Years later, after Berzilla died, and Jack was needing increased attention at the VA Hospital in Asheville, the brothers moved to a small apartment near the Marshall bypass. As much as I loved spending time at the cabin, listening to music and stories, eating, working, sitting on their porch, my favorite memory is from the time when they were living in town.

 

Doug Playing Fiddle for Kate, Crain Branch, Madison County, North Carolina, 1992

I stopped at Ingles on the way home today. I had Benny and Kate with me and walking through the canned food aisle we ran into Doug and Jack who were doing their weekly shopping. We visited for a time and talked briefly of their lives in town. I begged off, needing to get the kids home and fed, and told them I’d come by soon for a visit. As we turned to go, Doug and Jack both reached into their pants pockets and pulled out their wallets. They each found two one-dollar bills and ceremoniously presented one to each of the kids - a gesture so stunning in its simplicity and sheer goodwill.

 

Seldom Scene - Farmworker

Migrant Farmworker, Tarboro, North Carolina, 1999

This time of year hurricanes and tropical storms are not far from my mind. I’ve photographed the aftermath of many storms and the people affected by them over the years and I’m always struck by the numbers of unsung heroes who play a role in the clean-up and rebuilding.

This image was made near Tarboro, North Carolina, in 1999 after Hurricane Floyd and the ensuing flood that covered most of the eastern third of the state. This young man was working on a poultry farm that had been washed over. The barn was knee-deep in thousands of dead chickens, water, and fecal matter. His job was to help remove the feed and water lines before front-end loaders were brought in to remove the toxic soup. I think it is important for us to see the people doing this incredibly awful, but vital work in our communities and take that into consideration as we debate our nation's immigration policies. 

 

Of Quiet and Dark

Full Moon,  PawPaw, Madison County, NC, August 22, 2013,

When my mother was alive and visiting from Maryland, she would invariably complain at some point during her stay that she didn’t like it at our place because it was simply too dark and too quiet. I think about her comments most every night as I sit on our deck relishing the depth of our night sky and listening to the same sounds people have heard in our holler for hundreds of years – frogs peeping, the wind, a duo of screech owls calling one another.

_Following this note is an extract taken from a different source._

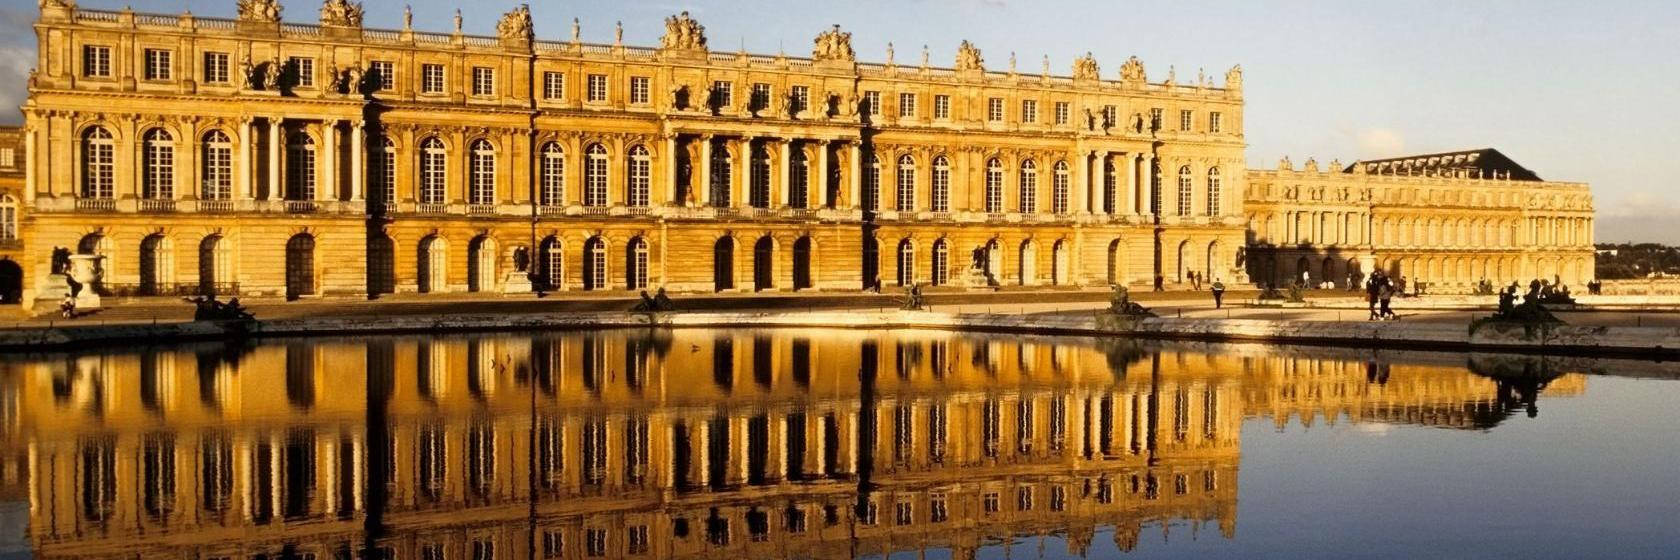 Majestic View Of The Pool Near The Palace Of Versailles

I inherited many of my mother’s fears and as a child growing up in suburban Washington, D.C., I was petrified of the dark, avoiding it whenever possible. The walk from late-night basketball practice at school was especially traumatizing because the preferred, shorter route home cut through an unlit section of woods. At bedtime, I insisted on a nightlight and fell asleep to the sounds of a local rock n’ roll radio station. More than once I called out to my parents in the middle of the night, convinced there was a predator in my closet, and I regularly poked under my bed with my baseball bat in a futile search for alligators.

It happened over time and with the help of many different experiences – night compass hikes in Junior ROTC, working in the darkroom, and living by myself among them – that I eventually outgrew those fears. But it has been living in Madison County that has taught me not only to be comfortable with quiet and darkness, but also to embrace and anticipate them for the healing, solitude and connectedness they offer.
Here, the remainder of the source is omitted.